- Какое об...
- О суде чести младших офицеров!
- А я-то при чем? - и вдруг по лицу Анфимова понял, что очень даже при чем. - Суд чес...
- Да, чести, - прервал его Анфимов, сел и, глядя прямо в глаза Майгатову своими синими выцветшими каплями, нервно пояснил: - Бурыге принесли какую-то кинопленку, где ты дерешься с двумя мужчинами. И не просто дерешься, а избиваешь их. Все это, понимаешь ли, на территории дельфинария, секретного объекта... Один мужчина чуть не утонул. У второго два сломанных ребра, выбиты зубы. Это махровое хулиганство.
- Это самооборона.
Ответил так безразлично, так отстраненно ото всего, что с такой горячностью излагал Анфимов, что тот не на шутку испугался.
- Что с тобой происходит, Юра?
- Мне нужен отпуск. Очень-очень нужен отпуск.
- Если ты не явишься на суд чести, Бурыга из тебя фарш сделает! Это же увольнение по дискредитации, - с придыханием изумился Анфимов.

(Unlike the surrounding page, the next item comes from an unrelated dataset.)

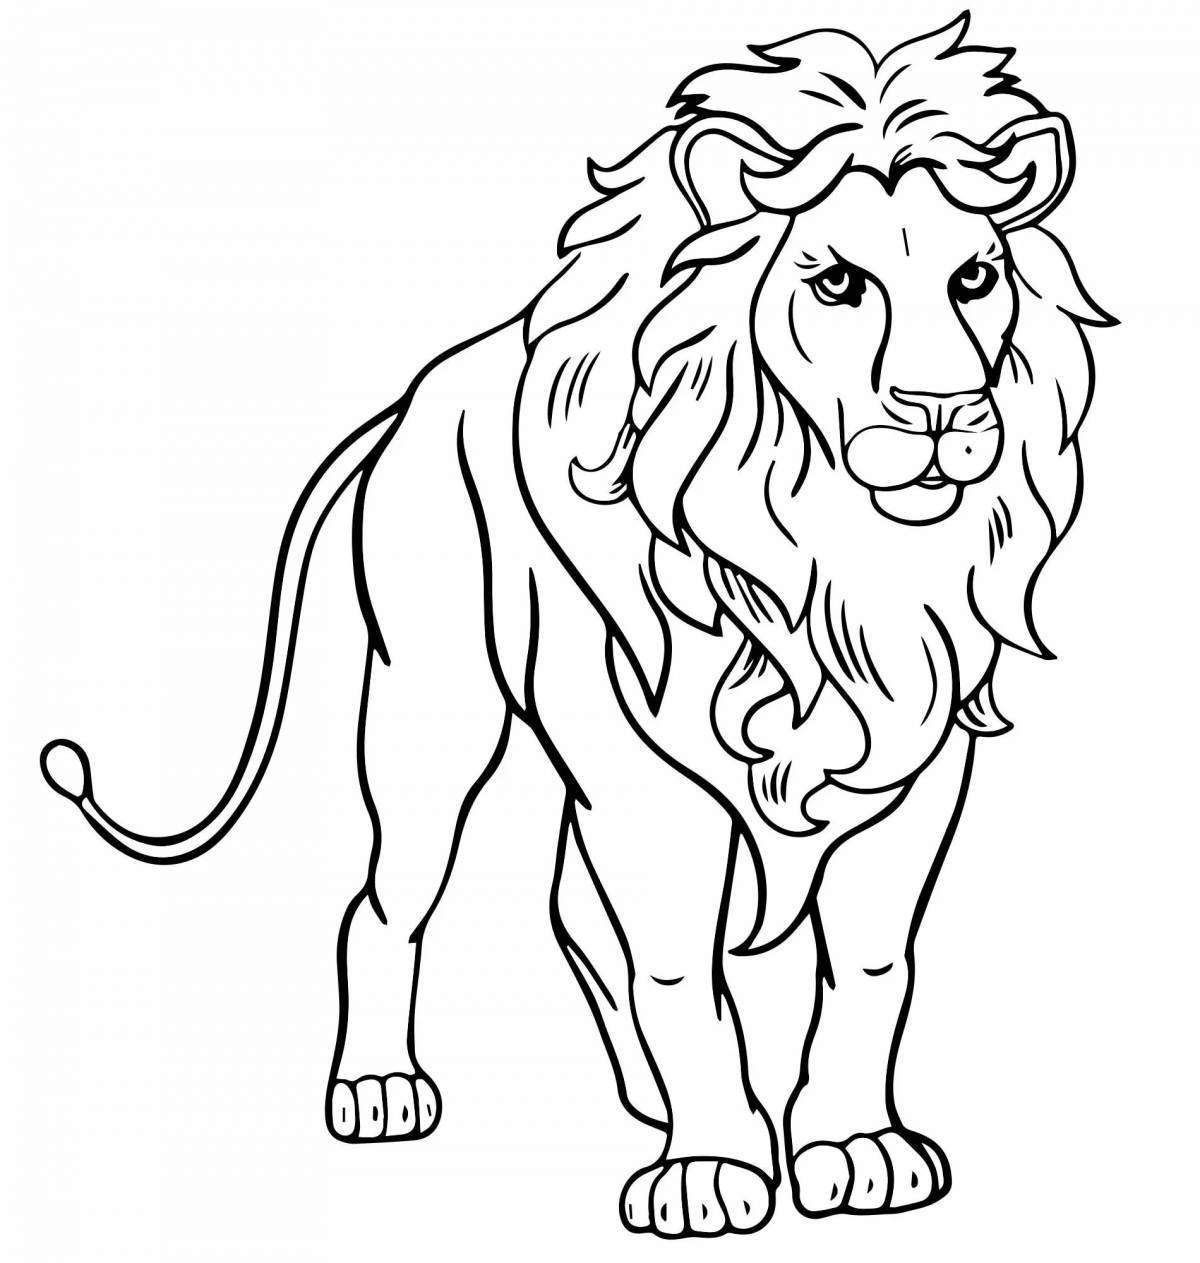 Colorful lion drawing for kids

В те годы, когда он был старшим лейтенантом, на офицера, который хотел в таком звании уйти на гражданку, смотрели чуть ли не как на дезертира. Но то время исчезло, безвозвратно унеслось и, кажется, утащило с собой и подобное отношение к увольняющимся раньше срока.
- Зачем тебе это нужно?
- Силин здесь? - вдруг вспомнил о том, кто мог помочь. Хотя бы советом. А, может, почувствовал, что Силин - это и есть то светлое пятно, которое он так безуспешно ищет сегодня.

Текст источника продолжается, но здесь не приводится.